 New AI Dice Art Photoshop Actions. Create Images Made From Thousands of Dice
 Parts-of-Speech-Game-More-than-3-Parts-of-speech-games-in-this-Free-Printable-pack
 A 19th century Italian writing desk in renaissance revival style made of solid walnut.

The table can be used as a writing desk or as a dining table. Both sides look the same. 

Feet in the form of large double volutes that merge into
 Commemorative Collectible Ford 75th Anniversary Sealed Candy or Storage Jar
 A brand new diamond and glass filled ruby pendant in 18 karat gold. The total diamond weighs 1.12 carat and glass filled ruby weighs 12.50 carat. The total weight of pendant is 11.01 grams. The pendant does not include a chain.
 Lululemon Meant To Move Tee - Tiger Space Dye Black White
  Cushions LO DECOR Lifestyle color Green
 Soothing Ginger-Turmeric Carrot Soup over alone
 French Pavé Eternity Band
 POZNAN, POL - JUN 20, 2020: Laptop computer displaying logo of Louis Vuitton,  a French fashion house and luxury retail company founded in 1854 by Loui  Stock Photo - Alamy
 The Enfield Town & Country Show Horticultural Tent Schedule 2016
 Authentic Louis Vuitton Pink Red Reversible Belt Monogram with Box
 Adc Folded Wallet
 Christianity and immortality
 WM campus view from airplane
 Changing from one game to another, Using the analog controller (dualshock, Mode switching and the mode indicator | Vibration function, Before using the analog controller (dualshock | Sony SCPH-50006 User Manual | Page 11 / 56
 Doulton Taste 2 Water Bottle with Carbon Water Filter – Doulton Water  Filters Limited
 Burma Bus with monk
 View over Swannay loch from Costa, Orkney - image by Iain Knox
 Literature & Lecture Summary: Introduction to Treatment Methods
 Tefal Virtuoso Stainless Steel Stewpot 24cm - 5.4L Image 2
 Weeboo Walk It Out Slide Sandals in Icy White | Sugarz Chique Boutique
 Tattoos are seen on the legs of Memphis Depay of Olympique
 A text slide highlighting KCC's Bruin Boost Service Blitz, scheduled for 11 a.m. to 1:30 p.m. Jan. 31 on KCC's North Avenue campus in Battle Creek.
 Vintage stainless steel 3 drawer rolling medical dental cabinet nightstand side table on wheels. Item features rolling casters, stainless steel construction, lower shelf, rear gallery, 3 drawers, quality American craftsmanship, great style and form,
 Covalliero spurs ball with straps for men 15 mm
========
**Task statement**
All lines holding the word "writing" must be copied from the data.

**Completed task**
 A 19th century Italian writing desk in renaissance revival style made of solid walnut.
The table can be used as a writing desk or as a dining table. Both sides look the same. 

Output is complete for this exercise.